Inigo wants you to know that he’s back, that he can explain away his behavior, shift blame to others, and that he’s going to somehow dazzle the art world with his brilliance again. The Vanity Fair story seems to be an attempt at a charm offensive but the story is spectacularly tone deaf, the product of a self-deluded conman collaborating with an extremely gullible journalist. Judge for yourself. Here are a few of Philbrick’s claims or comments:
Philbrick was shocked to realize how few of the folks he met in prison had any “conception of what an art dealer does”
“‘I would never have had an offshore company nor an art-backed loan had I not met Robert Newland,’ Philbrick says.”
“‘By no means am I blameless, but the people I was partnered with were all seeking an edge,’ he says.”
“Among the documents he left behind were spreadsheets showing the dizzying positions each investor owned in the various percentages of the oversold art, along with a handwritten note that read, according to the government’s sentencing memorandum, ‘How to fuck them?’ Philbrick says the note was in Newland’s handwriting, but Newland’s attorney Burlingame calls this claim ‘false (and ridiculous) […]’”
“‘I was traveling on my US passport, hardly a fugitive,’ insists Philbrick. The Justice Department, which considered him one in April 2020, disagrees.”

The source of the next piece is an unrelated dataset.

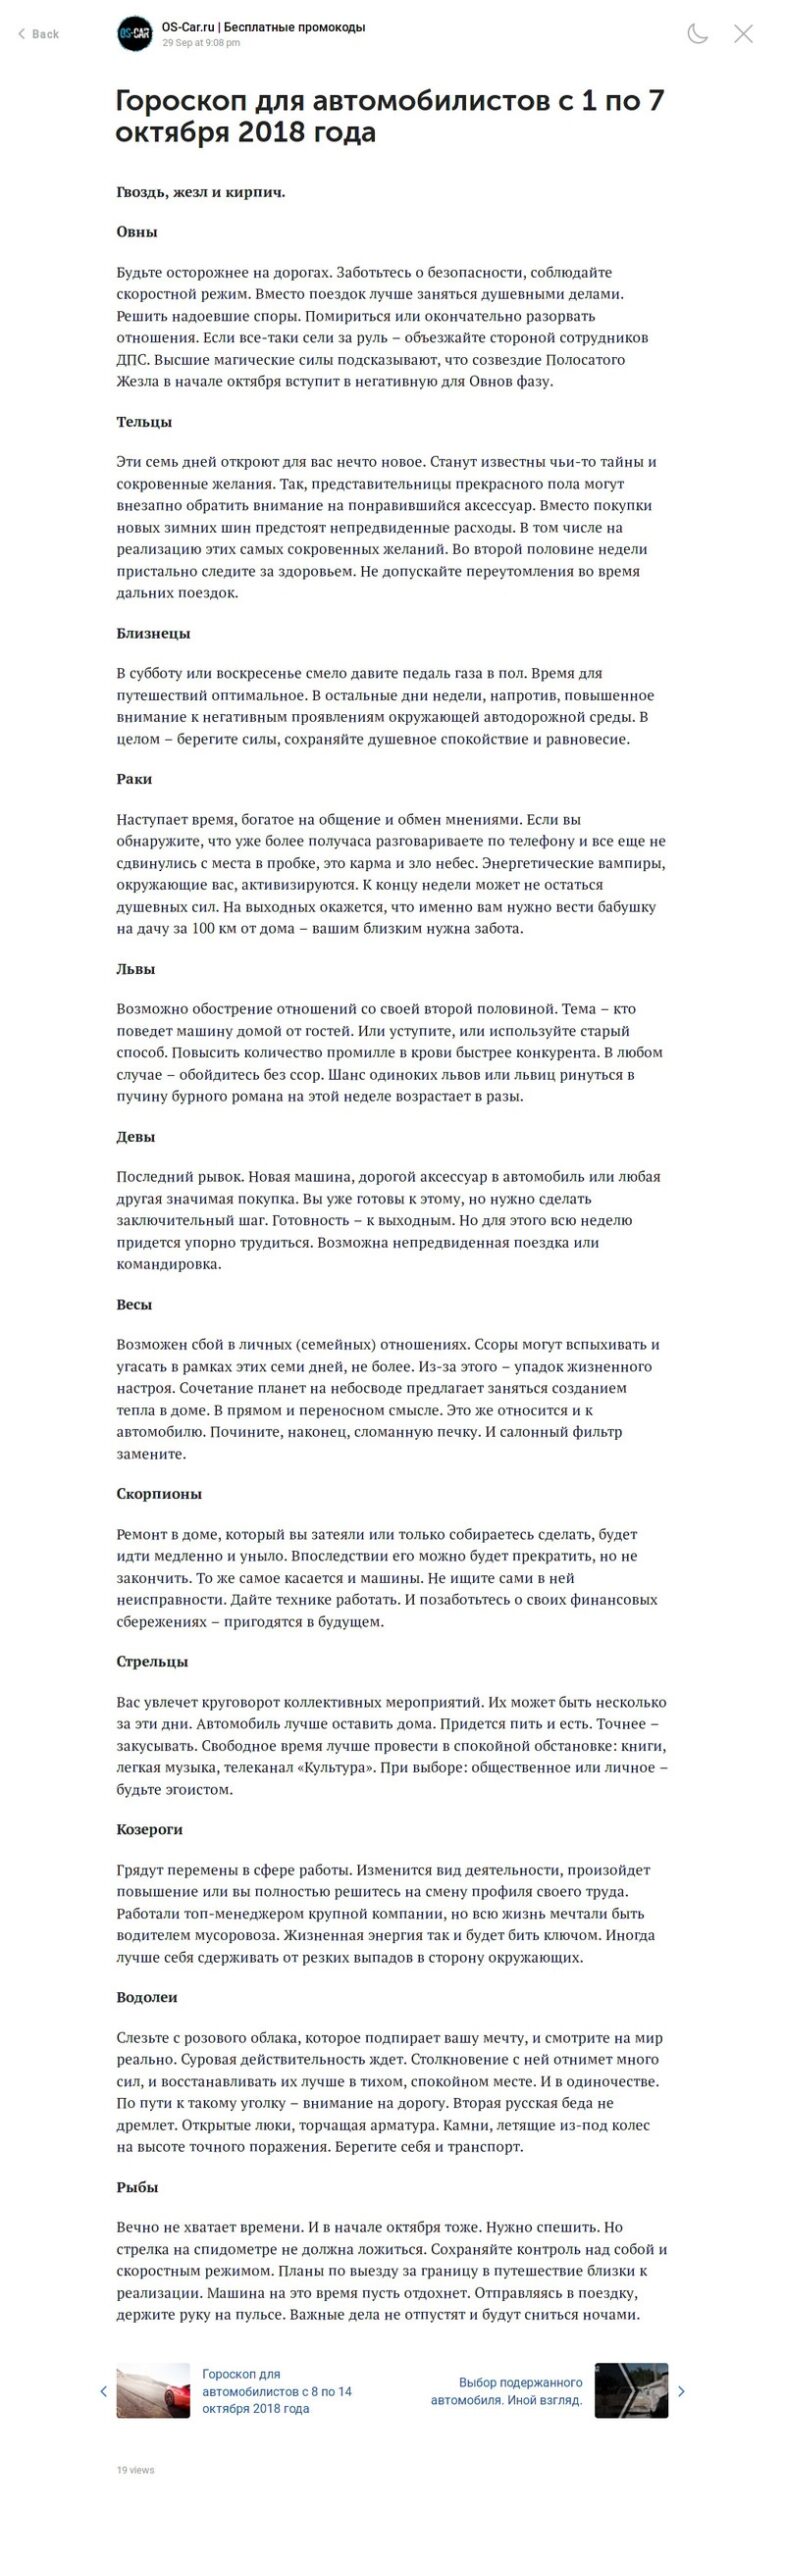 Пост для группы ВКонтакте. Гороскоп для автомобилистов

“‘I’m 36, still a young man, and a second act is going to require my having been up front and sincere, but also not a martyr,’ he says.'“
“‘Of course, I did things the wrong way,’ says Philbrick. ‘But creatively and with the best of intentions. I’ll have to tick the box for the felony. But I believe the art world is sophisticated enough to understand that I wasn’t Bernie Madoff (who never made an actual investment).’”
The comparison to Madoff, a sociopath who reveled in the deception, is particularly telling. Like Madoff, Philbrick believed his victims deserved to be exploited and that their trust was evidence of his own superiority. Nothing in this Vanity Fair piece contradicts that.
As much as Philbrick wants to insist he was sincerely trying to recoup losses or that there will be revelations that can change how his actions are viewed, that’s all delusional thinking. Philbrick didn’t defraud his partners because of unexpected losses. Like Jho Low, he was a compulsive spender and needed to defraud others to pay for the ridiculous excesses. Like Michel Cohen a generation before him, the financial pressures came from his own reckless behavior.
There’s another problem with this coordinated attempt to play up Philbrick’s notoriety. His girlfriend, Victoria Baker-Harber, posted pictures from the Vanity Fair story on her Instagram profile. The comments from her 193,000 followers are obsequious. But like those Philbrick met in prison, they have no conception of what an art dealer does. Back in the claustrophobic world of art dealing, his criminality is the least of his limitations. Christopher Wool and Rudolf Stingel no longer have markets active enough for Philbrick to stage a comeback. He’s got $86 million to pay in restitution but no viable leads on art he might sell or flip even if he can convince someone to deal with him. Then there’s the current state of the market which is not favorable to a quick score. Finally, Philbrick’s been out of the game too long. He no longer has a fulcrum, an edge, on any part of the market.